「何だか騒がしいネ〜」
 宿の二階から布で顔を半分程隠した旅人が降りて来て言った。
この青い髪の男性客は身分を偽りながら旅をしている高貴な人に違いないと、信じ込んでいる宿の女主人は眉をひそめながら嬉しそうに応える。
「いやね、今朝墓地の辺りで、男衆が死んでたんだって。しかも皆、腕や首を切られて」
「へ〜。それは物騒ダネ〜」
「向かいの妾館の女の子も一人、行方知れずなのさ。だから皆、魔物のせいじゃないかって恐がってるんだよ」
「魔物ネ〜」
出来るだけ皮膚を晒したくないのか、指先や首まで布で覆った男性客は呑気な口調ながら考え込む素振りを見せた。
「いやいや、お客さん! 近くの森のは、とうの昔に討伐隊でやっつけたんだもの。もう居ないから慌てて宿を引き払ったりしないで頂戴よ」
ねだるように言う女主人に、彼はニッコリ笑った。
「じゃあ、今日はその森に行ってみるヨ〜」

 お喋りな宿の主人から逃げ、話題に上った墓場へ行く。
(ココで死んでりゃ、運ぶ手間が省けるネ)
そんな悪どい事を考えてるとは、微塵も感じさせない微笑みのまま彼は方向を変えた。
 木々の隙間を縫って届く光は、足元を照らすにはあまりにも心許ない。
しかし彼は深く暗い森を、通い慣れた通りの様に軽い足取りで進んで行く。
 彼の前に、まるで初めから一枚の飾り板だったと言わんばかりに固く錆び付いた門戸が現れた。
「ヒッヒッヒ。
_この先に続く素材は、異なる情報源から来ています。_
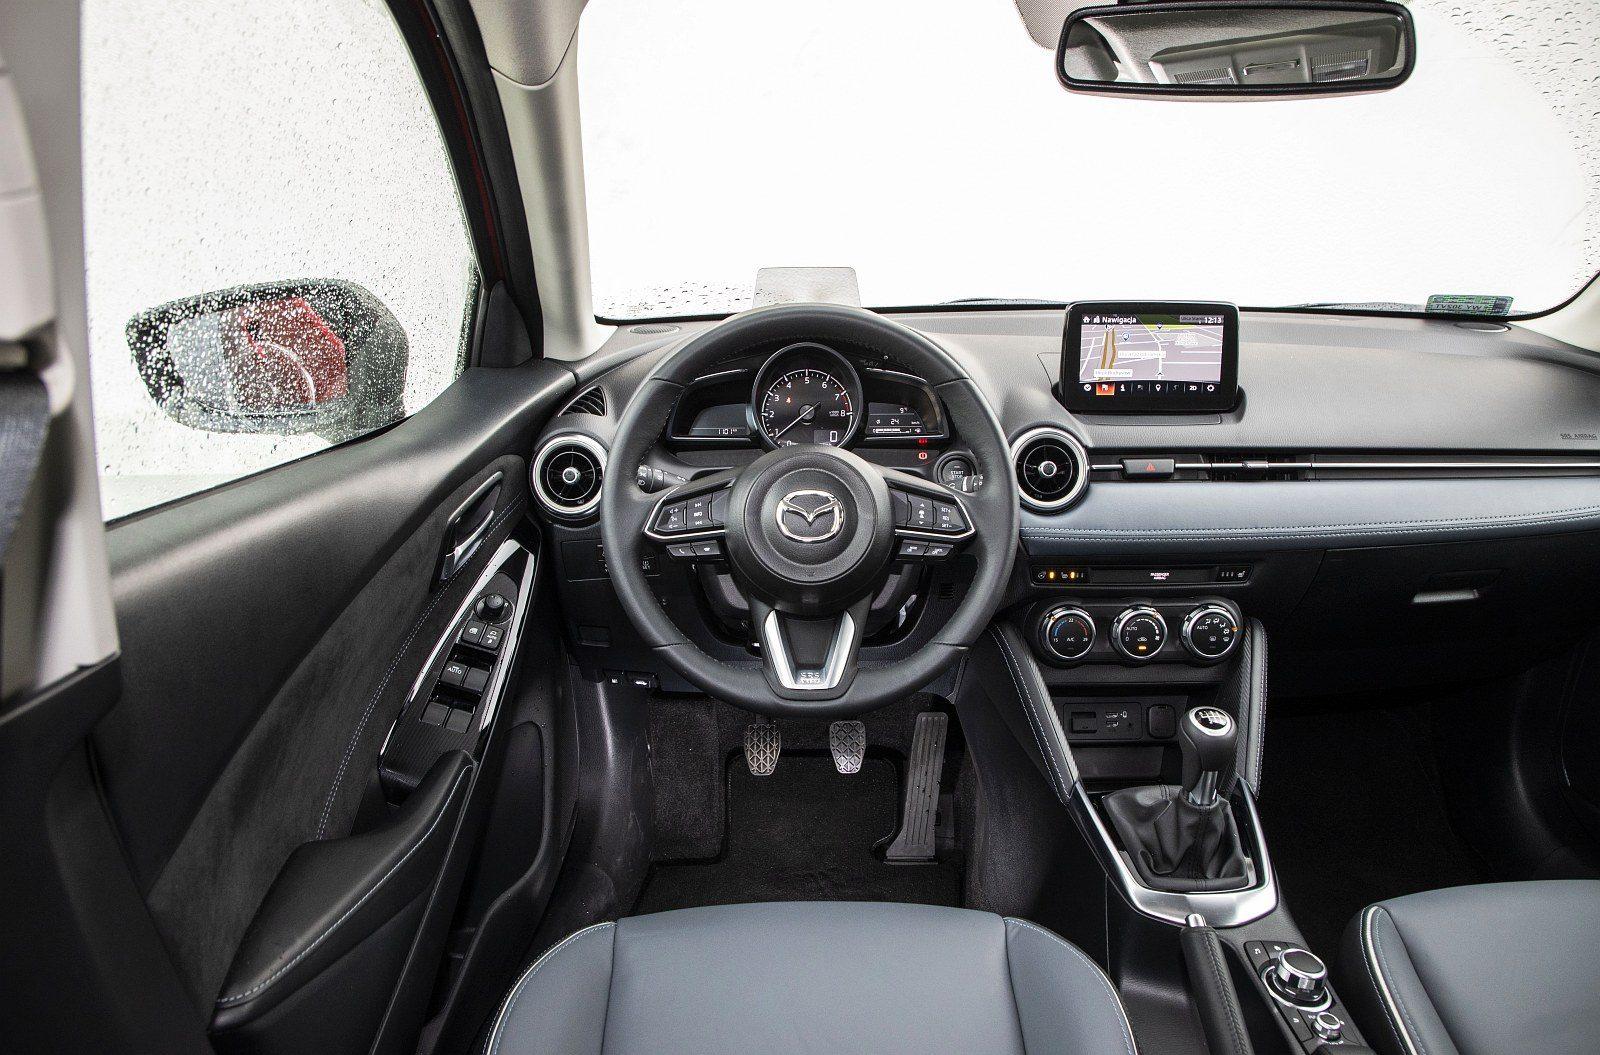 Mazda 2 1.5 Skyactiv-G M Hybrid test 2020 - deska rozdzielcza kokpit

ちょっとお邪魔しますヨ〜」
手袋が赤錆で汚れるのも構わず強引に開き、もともと何が生えていたのか解らない荒れた庭園を通り、飄々と古城の内部に潜入する。
 全ての窓という窓がポッカリと虚ろに口を開け、扉や家具の木造部分が朽ち果てて、甘酸っぱく鼻を突く腐臭を漂わせている。
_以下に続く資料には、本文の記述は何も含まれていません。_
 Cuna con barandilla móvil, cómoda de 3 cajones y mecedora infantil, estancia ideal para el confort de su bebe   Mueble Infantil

そして床に積もったぶ厚い埃に残るのは彼自身の足跡だけだった。
 薔薇園の惨状を上回る室内を見た彼は、がっかりして呟く。
「あ〜、これは無理かもネ〜……」
 彼の旅の目的地は魔物が住んでいたというこの城だった。

 気落ちする彼は、この城の主の性質を思い出し念の為地下室を探した。
石造りの階段を降りた先には、時間が止まったような闇がわだかまっている。
 目を凝らしたり瞬きを繰り返し森より深い暗闇にようやく慣れた彼は、見渡す限り古びた棺と埃しかないと思われた場所で自分以外の存在に気付いた。
 誰かが放り投げられた人形の様にうずくまっている。
暗過ぎて髪の色も顔の造作も解らないが、肩辺りの感じから細身の青年のようだ。
「ネェ、君」
彼は青年を抱え起こして声を掛ける。
青年の口元に残る乾いた跡に彼が気付いたとたん、物凄い力で頭を固定された。
「痛いネ〜」
首筋に噛み付かれて血を吸われても、逃げるでも怯えるでも無く、彼は驚きを喉で潰して苦笑する。

それから数分後、ようやく開放されて床にへたり込んだ彼は変わらず口元を緩め、錆びの付いた革手袋のままで自分の額を押さえてぼやく。